People v. Luperon

Decision Date12 January 1995
Citation623 N.Y.S.2d 735,647 N.E.2d 1243,85 N.Y.2d 71
Parties, 647 N.E.2d 1243 The PEOPLE of the State of New York, Respondent, v. Fernando LUPERON, Appellant.
CourtNew York Court of Appeals Court of Appeals

Laura Boyd and Philip L. Weinstein, New York City, for appellant.

Charles J. Hynes, Dist. Atty. of Kings County, Brooklyn (Ann Bordley, Roseann B. MacKechnie and Richard T. Faughnan, of counsel), for respondent.

OPINION OF THE COURT

TITONE, Judge.

Defendant was charged with attempted murder and related offenses in a felony complaint that was filed on August 2, 1989. More than 15 months later, defendant moved to dismiss the charges, arguing that the People's October 26, 1990 statement of readiness came too late to satisfy their obligations under CPL 30.30. Inasmuch as a bench warrant for defendant had been issued and was outstanding during a substantial portion of the period between defendant's arraignment and the People's readiness declaration, the critical issue is the extent to which the People may rely on the exclusion provided in CPL 30.30(4)(c) to excuse their protracted unreadiness. Resolution of that question, in turn, depends on whether the entire period between the issuance of a bench warrant for defendant's arrest and the People's readiness declaration is excludable even though a 69-day portion of that period elapsed before efforts to execute the warrant were initiated. Concluding that the police's subsequent efforts to enforce the warrant do not insulate the People from judicial review of their prior inaction, we hold that the 69-day period of inaction is not excludable and that, in the absence of a cognizable explanation for other prereadiness delays, the indictment should have been dismissed.

I.

Defendant, who was accused of wounding his landlord in a shooting incident, was arraigned on a felony complaint on August 2, 1989. He was released two days later when the prosecutor informed the court that no Grand Jury action had yet been taken against him (see, CPL 180.80). Defendant did not appear on the next scheduled adjourn date, and a bench warrant was issued for his arrest. Defendant was arrested on unrelated charges on October 16, 1989, at which time the existence of the outstanding bench warrant was discovered. Since the Grand Jury had still not acted on the charges arising from the shooting incident, the court once again released defendant on his own recognizance four days later (see, id.).
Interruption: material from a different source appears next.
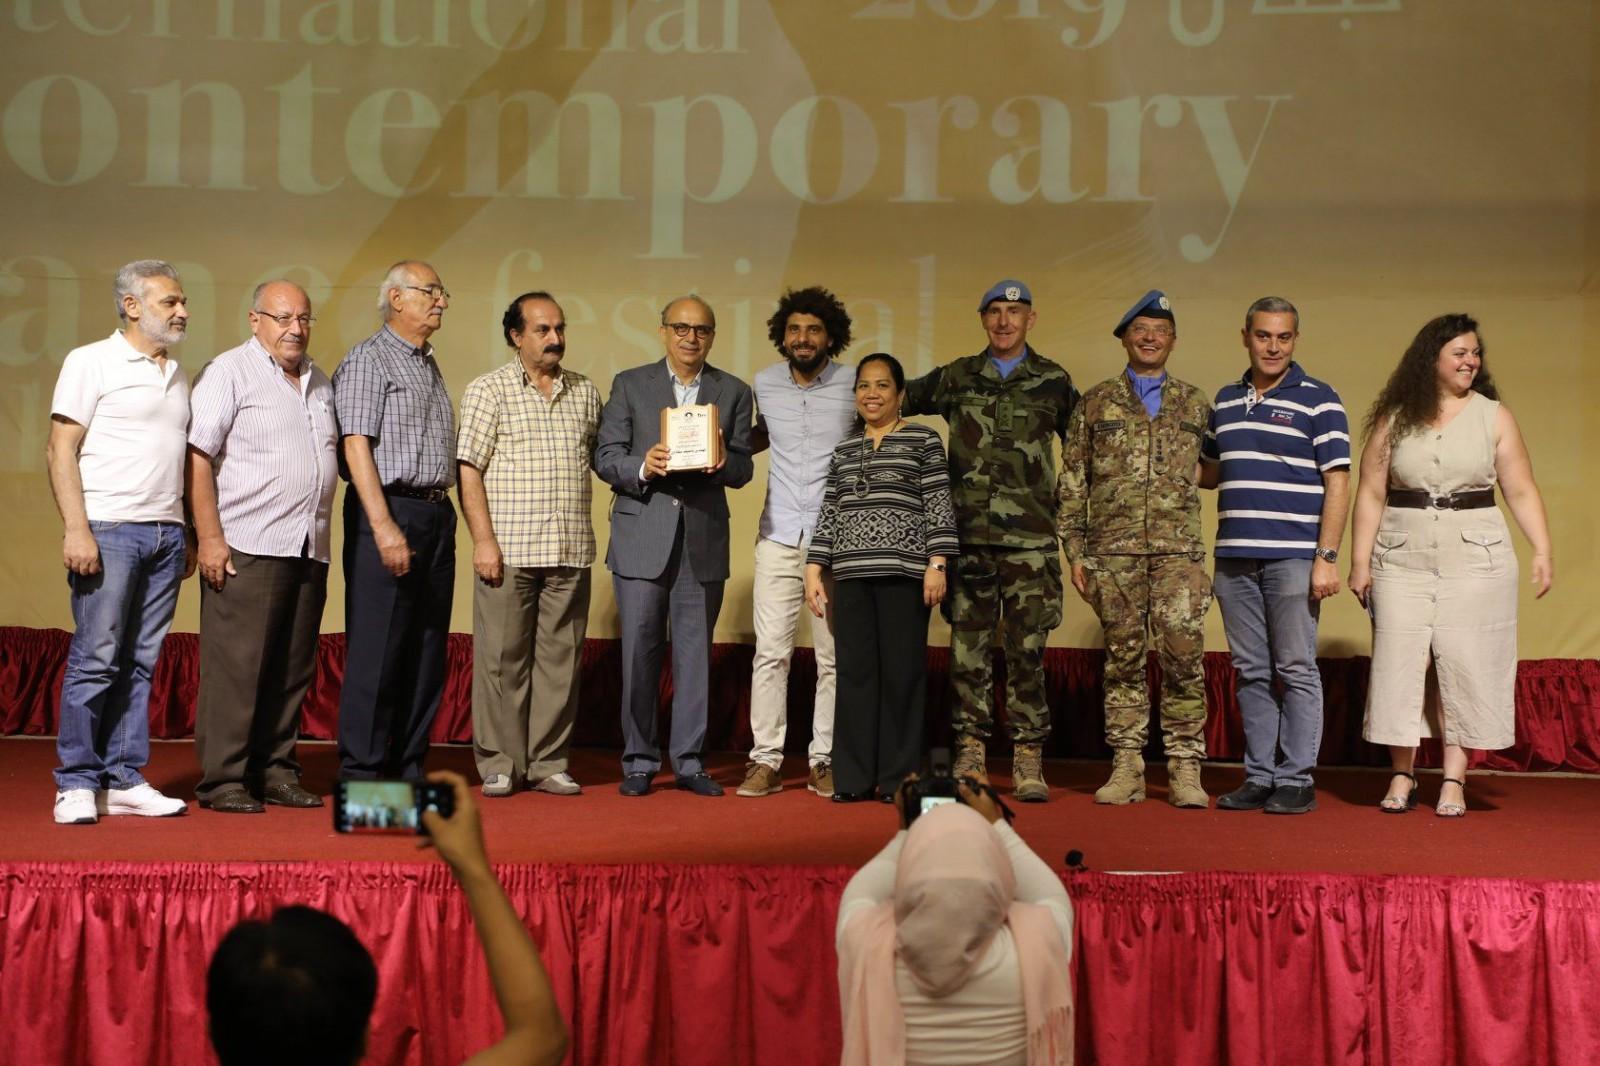 مسرح إسطنبولي يفتتح مهرجان لبنان المسرحي للرقص المعاصر بمشاركة عربية وأجنبية

Defendant was indicted for crimes associated with the assault on his landlord on December 8, 1989, but no Supreme Court arraignment was scheduled and no notice was sent to defendant or his attorney (see, CPL 210.10[2]. An ex parte order for defendant's arrest was issued on December 19, 1989. Defendant did not appear until October 5, 1990, when he was located and returned on the warrant. At that point, the People requested and were granted a short-term adjournment. 1 Their "readiness" declaration was made on the adjourn date, October 26, 1990.

One month later, defendant moved to dismiss the indictment, alleging that the People were inexcusably "unready" for a total of "451 days," far more than the 184 days that CPL 30.30 allowed them in these circumstances. According to the defense papers, a large segment of this period--i.e., the "289-day period" between the issuance of the second bench warrant (December 19, 1989) and defendant's return on that warrant (October 5, 1990)--was not excludable under CPL 30.30(4)(c) because the People had not exercised due diligence in locating defendant during that period. Defendant also argued that the People were accountable for an additional "162 days" of unexcused delay. Notably, although there were no errors in the relevant dates cited in defendant's motion papers, defense counsel had miscalculated the number of days involved in the various identified periods. In fact, the period between the issuance of the bench warrant and defendant's return was 290 days, the additional days of claimed unexcused delay totaled 192 and the full period that defendant identified as being chargeable to the People totaled 482 days. Inasmuch as the court had indicated that "the hearing will be the determining factor" and that a lengthy reply was unnecessary, the prosecutor submitted only a brief responsive affirmation, stating that "[a] review of the papers submitted establish that the defendant's motion will depend on the efforts made by the Police Department in arresting the defendant on the various warrants."

At the hearing, the People called Police Officer Elliot Rice, who had been assigned the responsibility of executing the December 19, 1989 warrant on February 26, 1990. Rice immediately made inquiries about defendant with the Correction Department. In April 1990, he made an unsuccessful attempt to locate defendant at the address on the warrant. Over the succeeding few months, Rice made an inquiry at the Post Office, contacted the Correction Department again, checked with the Department of Motor Vehicles, visited a second address listed on defendant's rap sheet and revisited defendant's former landlady, the complainant's wife. Finally, on October 4, 1990, defendant was located and arrested after his former landlady spotted him in the neighborhood and notified Rice.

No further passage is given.